The History of 'Side-eye'

We have our eyes on this one

Update: This word was added in February 2017.

Chances are you've been on both ends of the side-eye. It's that sidelong look, that glance or gaze that doesn't want to involve the front of the face, but instead says way more by shifting to the corners of the looker's eyes.

side eye

There's some debate about whether or not a turn of the head disqualifies a sidelong glance from being side-eye. Some say you have to keep your head steady and straight ahead and do it all with your eyes.

People have of course been using side-eye forever, but the term side-eye (also styled side eye) is only newly popular. Since the end of the first decade of the 21st century it's been increasingly used in major publications.

At its core, the term is about a physical act that communicates any number of things: suspicion, scorn, annoyance, jealousy, veiled curiosity. When we use the word, the context explains what the look being referred to expresses:

It’s this friendship, presented with utter sincerity, that serves as the movie’s emotional rudder. Though there’s humor in the unexpected pairing, the actors play it with the innocence of children who do not yet count the judging side-eye as part of their vocabularies.
— Eliza Berman, Time, 18 Mar. 2016

The guy who stole your heart as the class clown can seem like just a clown out of his original context, like when people are giving him side-eye for cracking lame jokes in the hostess line. — Lauren Panariello, Cosmopolitan, July 2014

NZ comedian Steve Wrigley later commented that Kiwis have a unique habit of laughing enthusiastically, while at the same time sounding like they aren't sure if they should be, and shooting a sneaky side-eye at their neighbours to make sure they are laughing too.
The Dominion Post (Wellington, New Zealand), 27 Apr. 2010

It's often (and increasingly) used with the:

For the most part, the singular focus on results washes away concerns about getting the side-eye from a colleague judging you for not being in your cubicle, said Jack O'Laughlin, executive director of employment experiences at Edmunds.
—Alexia Elejalde-Ruiz, The Chicago Tribune, 18 Mar. 2016

Suddenly, Eddie … is attracting the attention of barons of the boardroom …, bullies on the street … and some mysterious third guy who keeps giving him the side eye and chasing him around Manhattan.
—Cary Darling, The Detroit Free Press, 18 Mar. 2011

Newly ubiquitous though the word may be, it's not a new term at all. James Joyce used it in Ulysses, published in 1922:

A side eye at my Hamlet hat. If I were suddenly naked here as I sit? I am not. Across the sands of all the world, followed by the sun's flaming sword, to the west, trekking to evening lands.

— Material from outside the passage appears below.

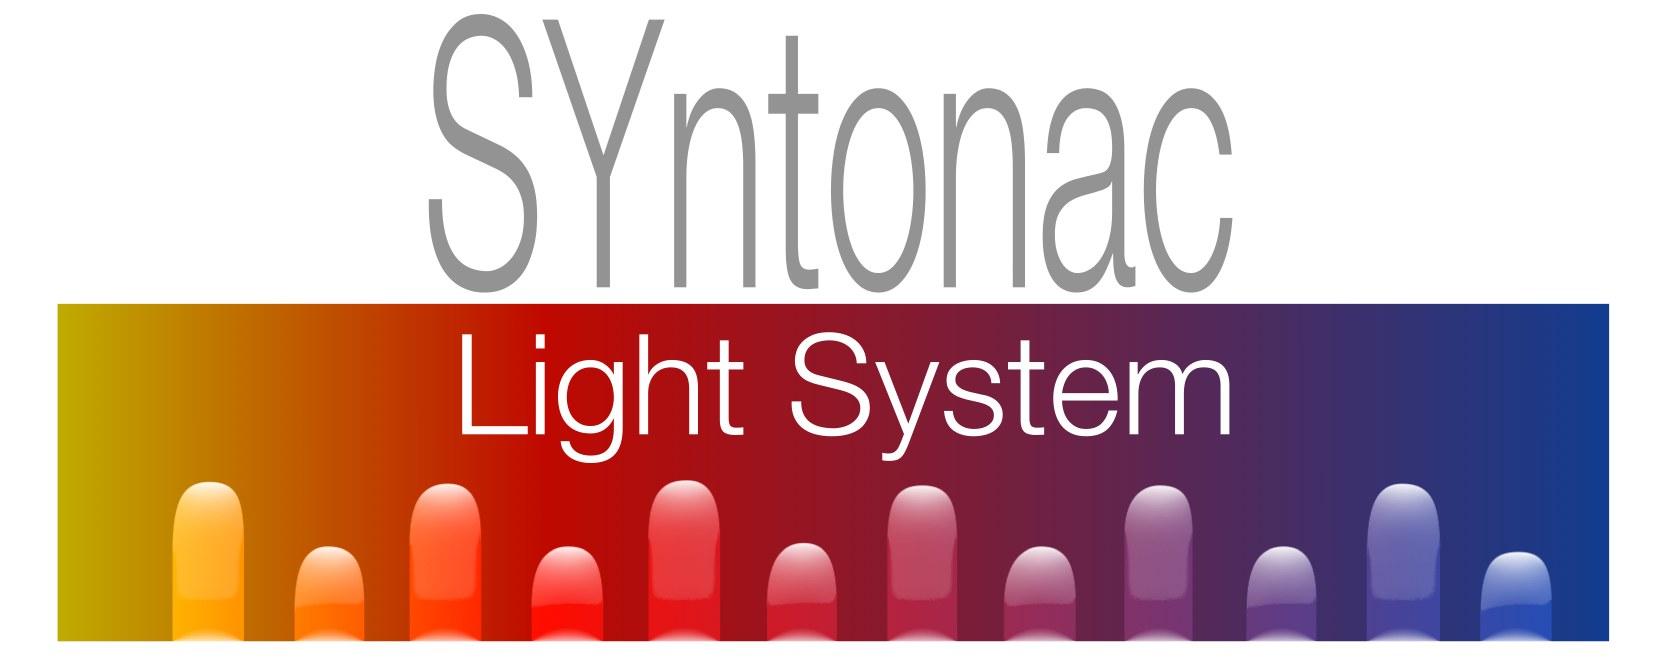 SYntonac1.1.2.jpg

But he was by no means the first. Our earliest evidence of side-eye in use is from 1797:

Here we come to what calls for the strongest eye-sight, the most steadfast gazing. Our being in Adam has been looked on with a side eye. The subject has provoked dislike; I may almost say, contempt. It is now painful to speak of it. — Remembrancer For Lord's Day Evenings, 19 Mar. 1797

We've also seen some evidence of verb use, with the earliest example dating to 1916, but most evidence dating to the current decade:

In his mind's-eye he saw himself associating with actor-folk, who invariably side-eye him and whispered among themselves: "That's Alonzo Gubbins—frightfully wealthy—just about the real backing of the Frohman ventures--though, of course, Frohman is putting up the name and reputation!"
The Arizona Republican, 26 Aug. 1916

I naturally and perpetually side-eye every woman who can rock a pointed-toe shoe with ease. How divine your black, nude or brightly colored shoe looks on your tiny foot.
—Lauren Porter, Essence, 23 Mar. 2016

With Zika Virus Headed North, American Scientists Side-Eye Asian Tiger Mosquitoes
—headline, Inverse (inverse.com), 9 Mar. 2016

One other thing about side-eye: in these modern times, there's some debate about what exactly side-eye is—in particular, about whether or not a turn of the head disqualifies a sidelong glance from being side-eye. Some say you have to keep your head steady and straight ahead and do it all with your eyes.

From a lexicographer's perspective, the jury is very much still out on that. If people refer to both versions as side-eye, then both versions qualify. We'll see if that changes. In the meanwhile, throw side-eye however you like. We won't take it personally.

*Words We're Watching* talks about words we are increasingly seeing in use but that have not yet met our criteria for entry.